Though the only mention I found was in ComfyUI docs: https://docs.comfy.org/tutorials/audio/ace-step/ace-step-v1

tarruda · 2026-02-19T12:45:46 1771505146

This is probably one of the most underrated LLMs releases in the past few months. In my local testing with a 4-bit quant (https://huggingface.co/ubergarm/Step-3.5-Flash-GGUF/tree/mai...), it surpasses every other LLM I was able to run locally, including Minimax 2.5 and GLM-4.7, though I was only able to run GLM with a 2-bit quant.

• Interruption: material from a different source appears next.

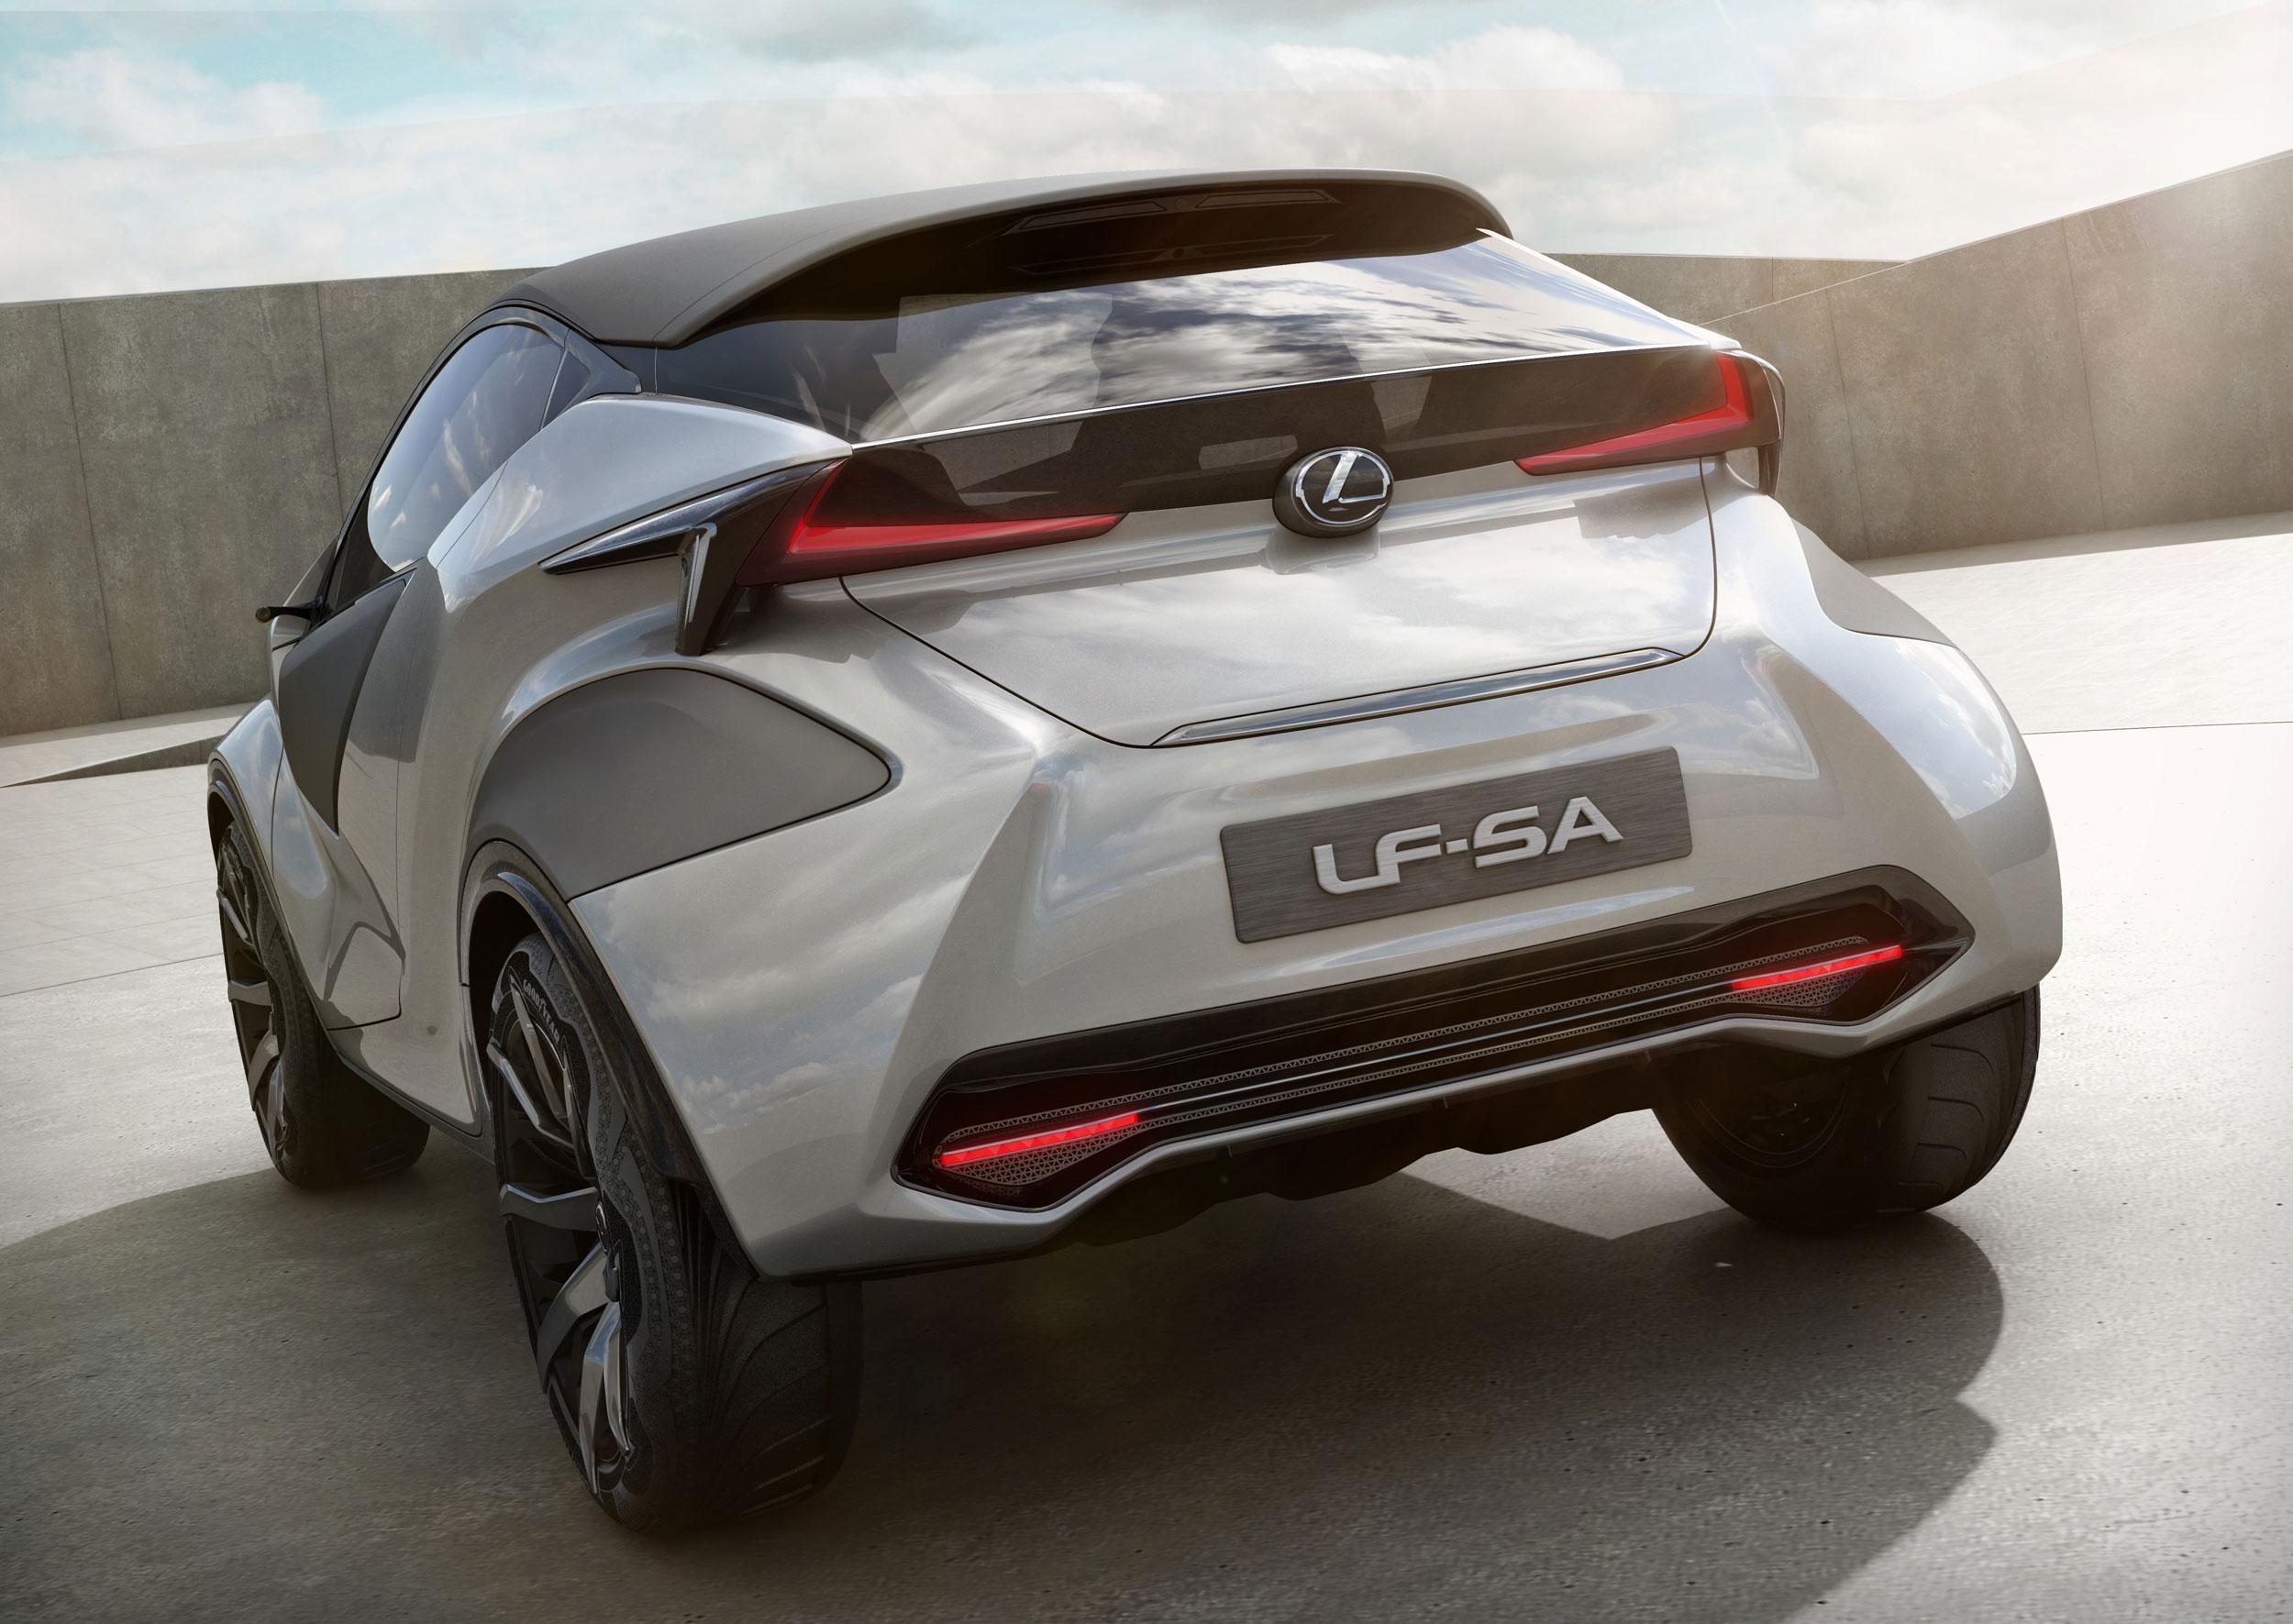 Lexus LF-SA Rear

Some highlights:

- Very context efficient: SWA by default, on a 128G mac I can run the full 256k context or two 128k context streams. - Good speeds on macs. On my M1 Ultra I get 36 t/s tg and 300 t/s pp. Also, these speeds degrade very slowly as context increases: At 100k prefill, it has 20 t/s tg and 129 t/s pp. - Trained for agentic coding. I think it is trained to be compatible with claude code, but it works fine with other CLI harnesses except for Codex (due to the patch edit tool which can confuse it).

This is the first local LLM in the 200B parameter range that I find to be usable with a CLI harness. Been using it a lot with pi.dev and it has been the best experience I had with a local LLM doing agentic coding.

There are a few drawbacks though:

- It can generate some very long reasoning chains. - Current release has a bug where sometimes it goes into an infinite reasoning loop: https://github.com/ggml-org/llama.cpp/pull/19283#issuecommen...

Hopefully StepFun will do a new release which addresses these issues.

BTW StepFun seems to be the same company that released ACEStep (very good music generation model). At least StepFun is mentioned in ComfyUI docs https://docs.comfy.org/tutorials/audio/ace-step/ace-step-v1

sosodev · 2026-02-19T18:42:04 1771526524

Have you tried Qwen3 Coder Next? I've been testing it with OpenCode and it seems to work fairly well with the harness. It occasionally calls tools improperly but with Qwen's suggested temperature=1 it doesn't seem to get stuck. It also spends a reasonable amount of time trying to do work.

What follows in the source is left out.